Winning votes in Ontario by campaigning in separatist Quebec

JONQUIERE, Que. – At first blush, you would think that Stephen Harper had ventured into electoral no-man’s land when his plane landed this afternoon at CFB Bagotville, near Jonquiere, in the Saguenay region of the province, northeast of Quebec City. He arrived here to talk about how he would beef up the base here and boost the military in Quebec more generally. Still, it’s hard to see how that will help him elect a Conservative here.

In 2004, the poor Tory candidate here, Gilles Lavoie, finished well up the track with just 2,217 votes — less than five per cent of all votes cast.

Sebastien GagnonThe winner — and incumbent here in the federal riding of Jonquiere-Alma — is Sebastien Gagnon, (left), first elected in 2002 and trying for this third straight win.

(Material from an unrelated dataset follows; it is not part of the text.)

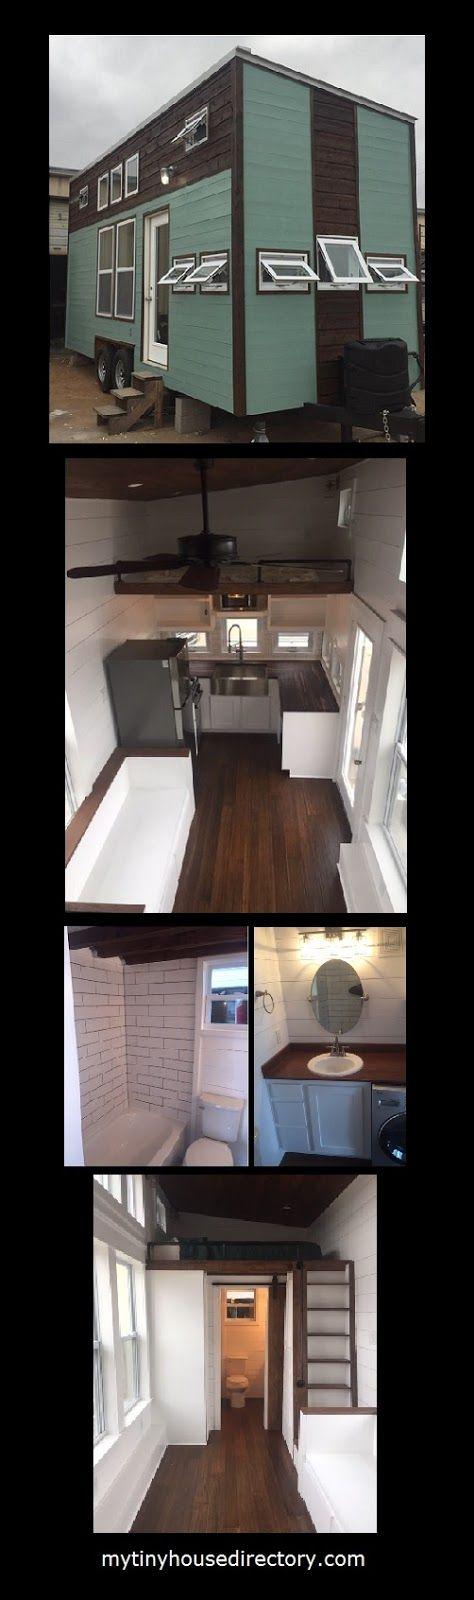 mytinyhousedirectory: 24' Modern Rustic Farmhouse For Sale

Given the current love affair that all of Quebec has with all things Bloc Quebecois, it seems an easy prediction to make that Gagnon is a heavy favourite here. He garnered 55 per cent of the vote here last year, besting his nearest challenger, the Liberal, by nearly 12,000 votes.

The riding is in a part of Quebec that has heavy separatist sentiments. In 1995, the 100,000 or so people here — more than 80 per cent of whom speak only French — voted 71 per cent in favour of sovereignty in the referendum of that year.

So why should Stephen Harper campaign here when there are so many other ridings he might better spend his time where a candidate has a decent shot of winning?

Senator Marjory LeBreton — she is travelling with Harper campaign to answer just these sorts of questions — says it’s not a given that this riding is a lost cause. The Conservative candidate is Jean-Pierre Blackburn, who represented this part of Canada as a Conservative MP in the 1980s during the Mulroney years. So, in Sen. LeBreton’s view, M. Blackburn has some of the advantages of the incumbent when it comes to name recognition.

Secondly, Conservative strategists believe that, if they are to knock off the Liberals, they must be seen by voters in all parts of the country but particularly in Ontario as a credible federalist alternative in Quebec. Coming into Quebec, getting some French press, and speaking, as Mr. Harper does, about how he is the heir to Rene Levesque when it comes to cleaning up government and election finance laws gives the Conservatives the kind of legitimacy in this province they lacked during Stockwell Day’s leadership. Mind you — for all that, it will be a significant achievement if they win three seats here and they can still form a minority government without winning any.

That said Quebec has strategic value for Conservatives. As Sen. LeBreton pointed out, some voters in Ontario are influenced in their voting patterns by which way the wind is blowing in Quebec. Similarly, Quebecers have been known to jump on an Ontario bandwagon, that is if Quebeckers see Ontario is about to vote in a Conservative government, Quebeckers may decide to send a few Conservative MPs of their own to Ottawa if only to sit at the cabinet table.

It’s a difficult thing to explain, this strange symbiosis of Ontario and Quebec voters, but it’s one that both federalist parties believe in.